Tuesday, December 1, 2009

Human Footprints

Scientists inform us that we are damaging our planet. They are probably right, but exactly what are they telling us? They say global warming is the result of human activities, but they are unable to back up the assertion. There is no doubt that the ice mass covering Greenland is melting. There is also no doubt that the ice mass at the South  Pole is increasing. The two opposing facts seem to be off setting.

Scientists also say that we are using many of our natural resources faster than they can be replenished. That may be true, but it is hard to document.

Take oil for example. The known reserves under the thin crust of the earth are being reduced. Yet we can still predict that there is an adequate supply for several more centuries. We can also measure recent years of scientific progress focussed on conservation and alternate energy sources. Continued at this rate we may have enough oil to last many more centuries if not forever.
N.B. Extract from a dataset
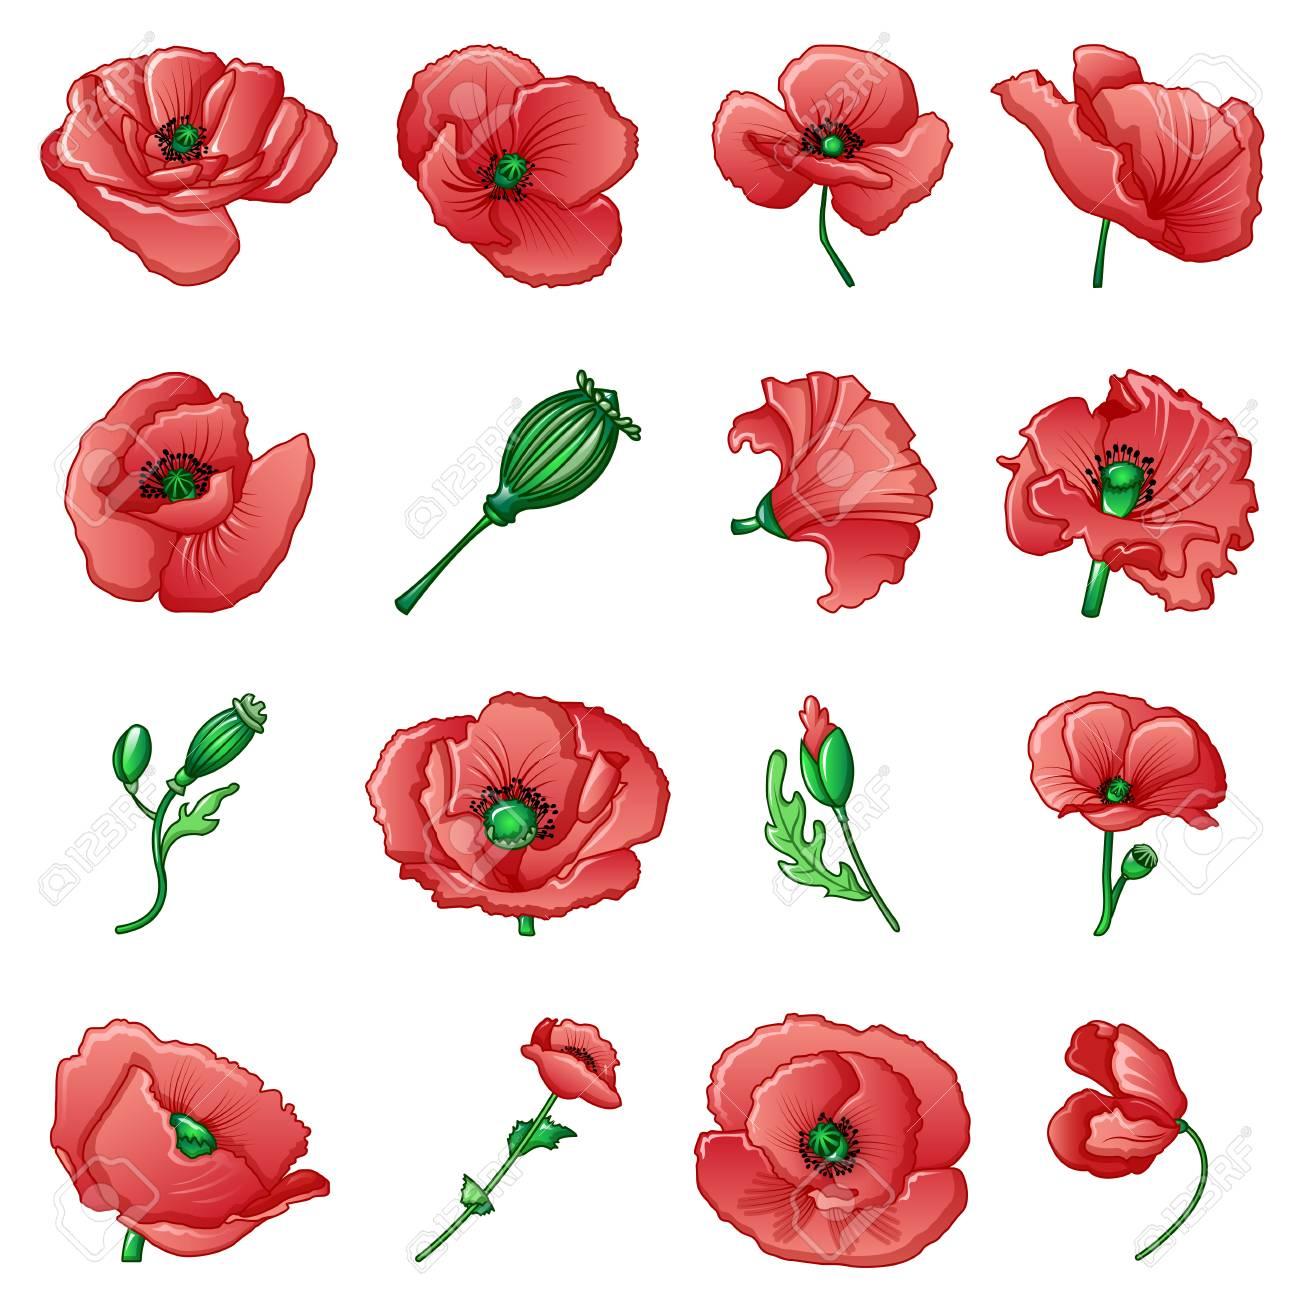 Poppy Flower Remembrance Day Icons Set Cartoon Illustration

The world wide effort to educate people on the benefits of "going green" by recycling metallic and non-metallic products may or may not be effective in preserving natural resources. The jury is still out. It takes so much energy, for example,  to run machinery to crush and melt aluminum cans for reuse in another form, that the savings may not cover the costs.

We manufacture millions of products made from thermoplastic resins, then eventually we grind up those products, re-melt and mold them into new products for use once more. The grinding takes machinery that uses quite a lot of electrical energy, the re-melting uses natural gas for heating, the molding into new configurations takes more electrical energy, the re-processing requires at least some workman's labor, and in the end the savings may be little to none. Could it be that by re-cycling to save resources - we are fooling ourselves?

Let's return to global warming. Records suggest that the earth goes through cycles of heat and cold. We still don't understand the reasons behind these temperature changes, but many scientific theories have been advanced. They often involve the activity of what we call sun spots. They are used to explain the ever changing gas fed firestorms that occur on the sun. A more recent theory is that human activities on the earth create chemicals and gases that change the nature of the protective layer of the earth's atmosphere. There seems to be no reason to believe this isn't true. At the same time this does not explain the known history of the earth's passage through the ice age. Nor does it explain why several of today's deserts were once under water. It would be wrong, however, to disregard the possibility that increasing human activity could be changing the atmosphere to allow more of the sun rays to penetrate to the earth itself.

The environmentalists among us may be entirely correct to urge our awareness and actions to reduce the supposed human impact upon the atmosphere. It is entirely logical to recognize that the earth is sensitive to our human footprint.

Every on of us should be aware that the existence of all life forms on our planet requires a rather fragile assortment of conditions. 


1 comment:

Rain said...

Your blog updated! :)

And they know it's getting warmer on earth by measurements. We also know that we are deforesting large tracts of land and might end up with water shortages many places as glaciers disappear that used to provide summer melt. The problem with the environmental claims is they cannot prove the why and it might already be too late to change anything. Given that I didn't like the last energy bill from Congress and Obama because it seemed to me profit driven for a few (carbon tax credits) and not sure it'd fix anything. Maybe more we should be preparing different earth regions for change. Watch 'How the Earth was Made' for an idea of what could happen with or without our interference.